Prima rivelazione: in pista c'è la qualunque, ovviamente organizzati in turni in base al livello, vai dal neofita che si presenta con lo zainetto, già in sella alla moto che userà per girare con le gomme da strada, fino al (presunto) fenomeno che dal furgone scarica una Panigale V4 così elaborata che vale più di un bilocale all'Arco della Pace.
 
Riconosco IL Luca da lontano (Mountain View permette qualsivoglia atto d'intelligence) e gli vado incontro.
"Sei te quello di Moto.it?"
"Pronti!"
"Pronti un cazzo" (IL Luca già mi piace) "Fammi vedere come sei vestito: tuta ok, stivali ok, paraschiena lungo ok, casco con chiusura a doppio anello ok, etc."

Mi indirizza verso il gruppo di persone col quale farò il corso. Tutti battezzandi come me. E chi mi trovo davanti? Roberto Locatelli. QUEL Roberto Locatelli, campione del mondo 125 nell'anno 2000. Selfone di rito e "cosa ci fai qui?"
"Oggi sarò il vostro istruttore". (IL Luca è un mito)

Dopo essermi ripreso dallo shock (rinvenendo tipo zio Paperone con i sali), mi rendo conto che sono tanti gli istruttori di livello assoluto. Al tavolo di fianco al mio sta pontificando il Bonny, Stefano Bonetti, che ho avuto il piacere di ammirare prima in sella alla sua Paton sul Mountain Course al TT 2017 e poi nei locali di Douglas, la sera stessa, in una serata da fuori di testa.
Dal mio punto di vista la situazione già rasenta il paradisiaco, per poi scoprire che IL Luca, avendo finito le moto dei corsi (fully booked) ha chiesto una moto in più direttamente a Yamaha Italia. "Il corso lo fai con questa". I miei occhi si posano su una R6 coccolata da termocoperte (IL Luca santo subito). Altro svenimento. Altri sali.
 
Arriviamo al dunque: primi giri per prendere dimestichezza col 4 cilindri, dato che da sempre guido una bicilindrica. Rientro e briefing.
Altro turno in pista, altro briefing. Altri giri, altri briefing. Tutto il giorno così, no stop, senza respiro.
Cura maniacale del dettaglio. Il Loca non è lì a farsi (giustamente) adorare: si fa il mazzo, non solo commenta quello che vede, ma chiede nostre impressioni e sensazioni. E dispensa spiegazioni di tecnica di guida, impreziosite da impagabili consigli d'esperienza. Roba da scriverci un libro.
 
 
Dopo ogni briefing rientri in pista e vai il doppio. Di velocità? Non solo.

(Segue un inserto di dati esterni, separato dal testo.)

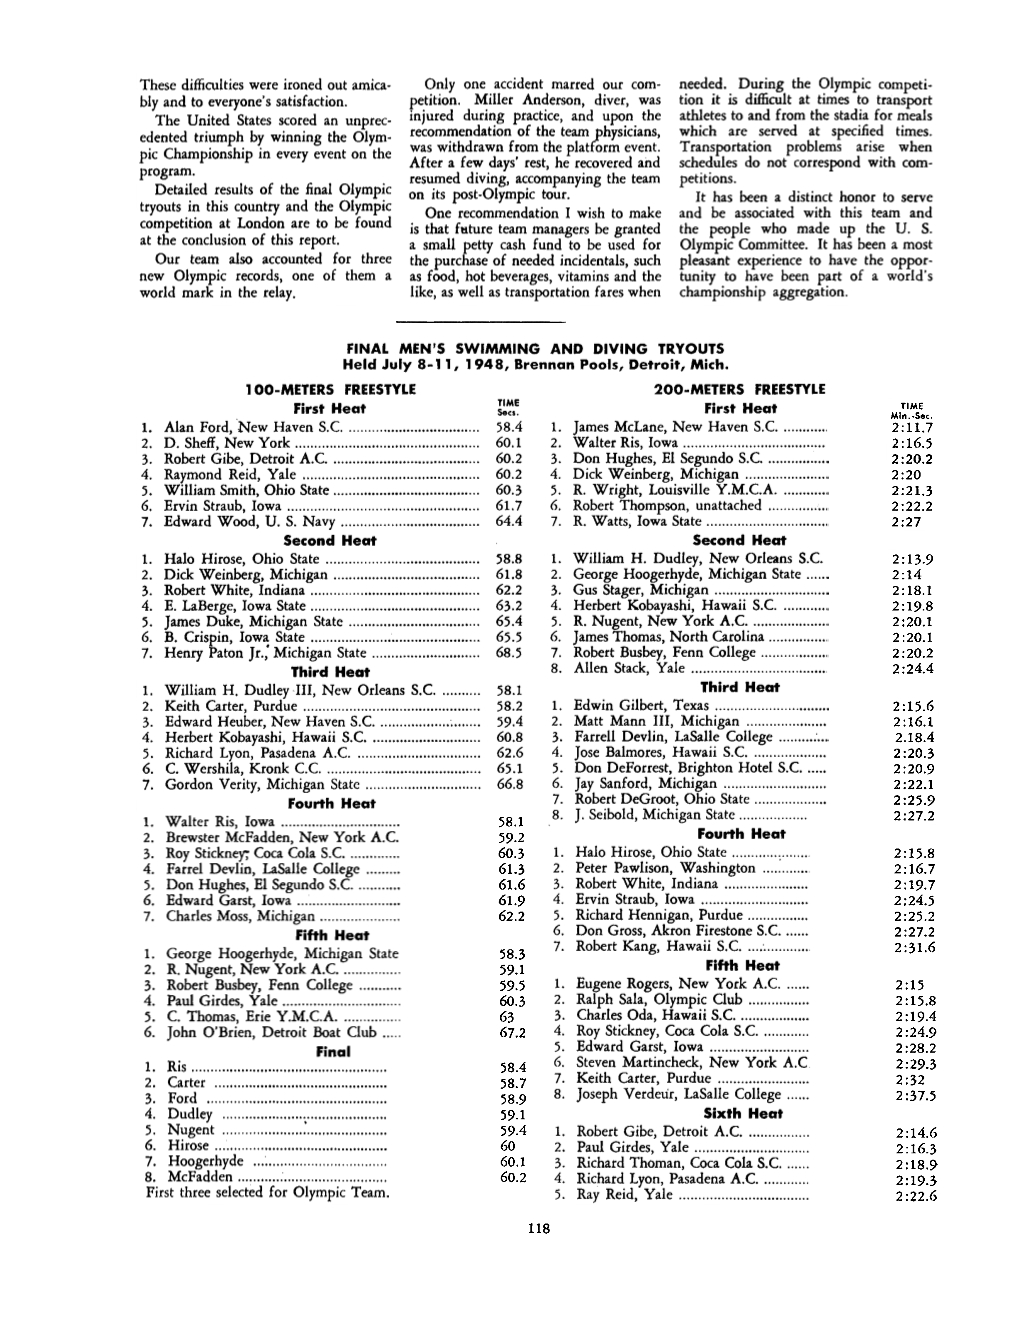 1948 Olympic Trials Results

Di scioltezza, di pulizia nelle linee, di confidenza col mezzo. Ti stanchi meno e hai molta più consapevolezza sulle reazioni della moto. E allora diventa (quasi) facile anche mettere giù il ginocchio.
Gli ultimi giri in pista, poi, col sole al tramonto e il circuito ormai libero, sono pura poesia.
 
Ma poi? Mi chiedo. Dopo l'ineluttabile termine del corso, in soldoni, cosa ti porti a casa da tutto questo? Io che vado in moto da vent'anni e magari mi sento pure un fenomeno (da bar).
Ok l'esaltazione di muoversi tra box, pit lane, termocoperte e cordoli.
Ok l'onore di avere il Loca come maestro.
Ok (e soprattutto) il godimento di spalancare l'acceleratore della R6 a inizio rettilineo, sentire la belva che ti urla tra le gambe, con il quick shifter che cadenza la progressione di quell'orgasmo meccanico che diventa qualcosa di erotico.
Poi succede che torni a casa. Ancora con la pelle d'oca, è vero, ma purtroppo l'emozione viva non è durevole. E poi sali sulla tua moto, perchè non puoi non farti un giro dopo tutto quello che hai vissuto, e ti rendi conto che sei un altro motociclista. E' bastato un giorno, un solo giorno, ma ti senti più consapevole, più sensibile, più sicuro. Un motociclista più maturo.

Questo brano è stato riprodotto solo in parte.